Посмотрела долго, настойчиво, так, что Петр, уже проследовав мимо, свернул голову в ее сторону. Горячие намеки и обещания прочел он в этих больших черных зрачках. Бездонная темнота ее глаз мгновенно легла пожизненной печатью на его сердце. Вечером он послал за ней мальчишку-раба, пообещав тому (неслыханная щедрость!) два серебряных кератия.

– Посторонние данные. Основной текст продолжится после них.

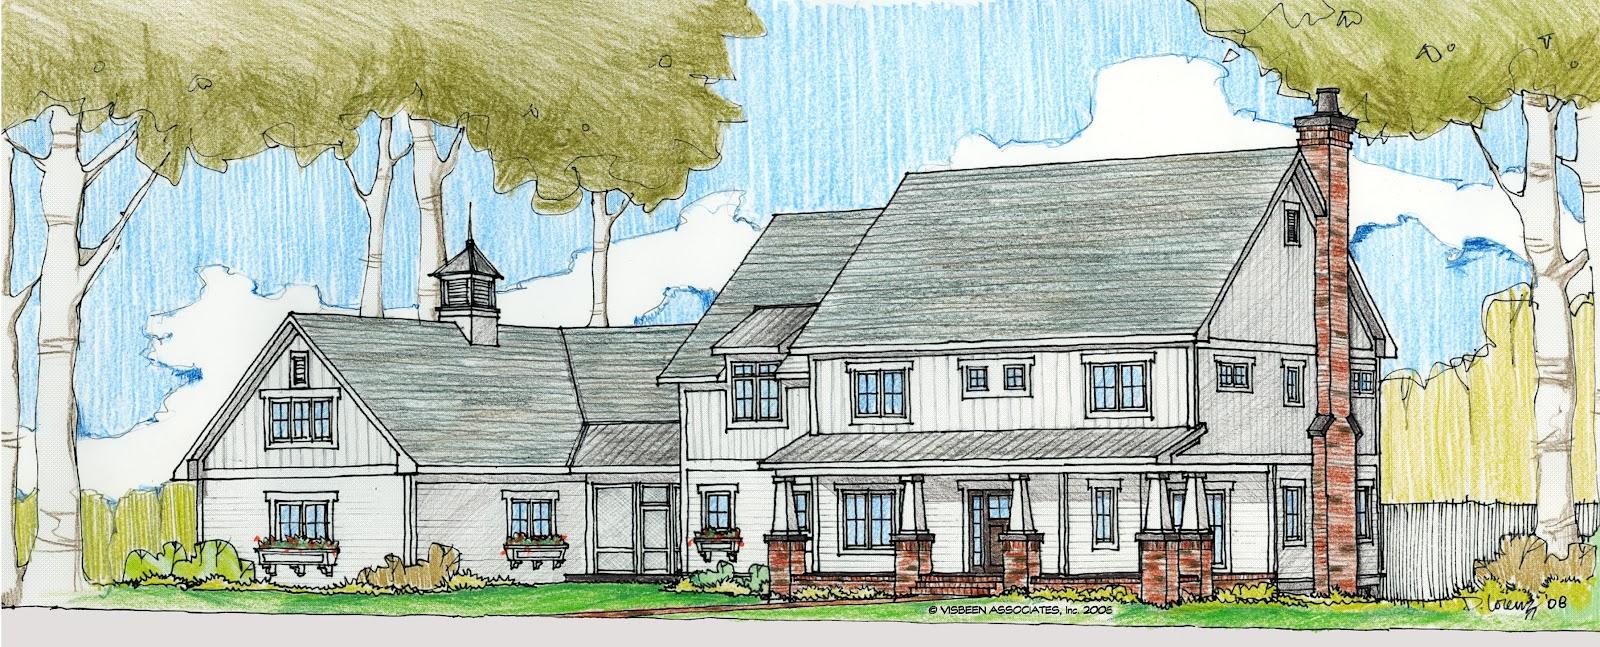 Architectural tutorial the american farmhouse for American farmhouse style architecture

Весьма неторопливо и грациозно вошла она в дом на морском берегу, неподалеку от императорского дворца, где жил в ту пору Петр. Молчаливо дождалась, когда, зажав в чумазом кулаке монеты, мальчишка-раб убежит прочь. Петр, не знающий ее имени, приготовился заговорить с нею, но она уже начала свой танец. Сначала ожили ее руки – несколько тонковатые на его вкус, совсем не длинные, ибо женщина эта имела рост ниже среднего, но на диво изящные, горделиво-зазывные. Сети пылкой, страстной любви плела она руками в воздухе. Словно чертила в небольшом жарком пространстве обе щающие вечное блаженство иероглифы. Затем легла на пол и принялась извиваться подобно ветви лианы в бесстыдных движениях, будто не имела человеческих костей. Петра все больше завораживала живая линия ее бедер, в том месте, где волшебным изгибом они переходили в тонкую талию – этой женщине непостижимым образом удавалось изображать телом истинные морские волны, вздымающиеся, закипающие на вершине, затем стихающие, растворяющиеся в общей водной пучине. «Откуда знает она, что я безмерно люблю море?» – промелькнуло в его воспаленном сознании. Волны ее тела то учащались, бурля высоко взбитой пеной, то замедлялись, становились тихими и робкими, ложась у его облаченных в легкие сандалии ступней. И вот произошел мощный всплеск самой крутой волны – трепещущая линия ее бедра на миг застыла на высшем пике – и вдруг резко опала к его ногам, будто умерла. Танец этой женщины сказал несоизмеримо больше любых слов. На деясь, что под его просторным одеянием не видно возбудившейся плоти, Петр вскочил с дивана, склонился над ее телом, заметил легкое дрожание прикрытых век и еле заметную, проступающую на губах полуулыбку, протянул ей изрядно вспотевшую руку, помог подняться. Усадив на диван, налил ей и себе вина, спросил, как ее имя.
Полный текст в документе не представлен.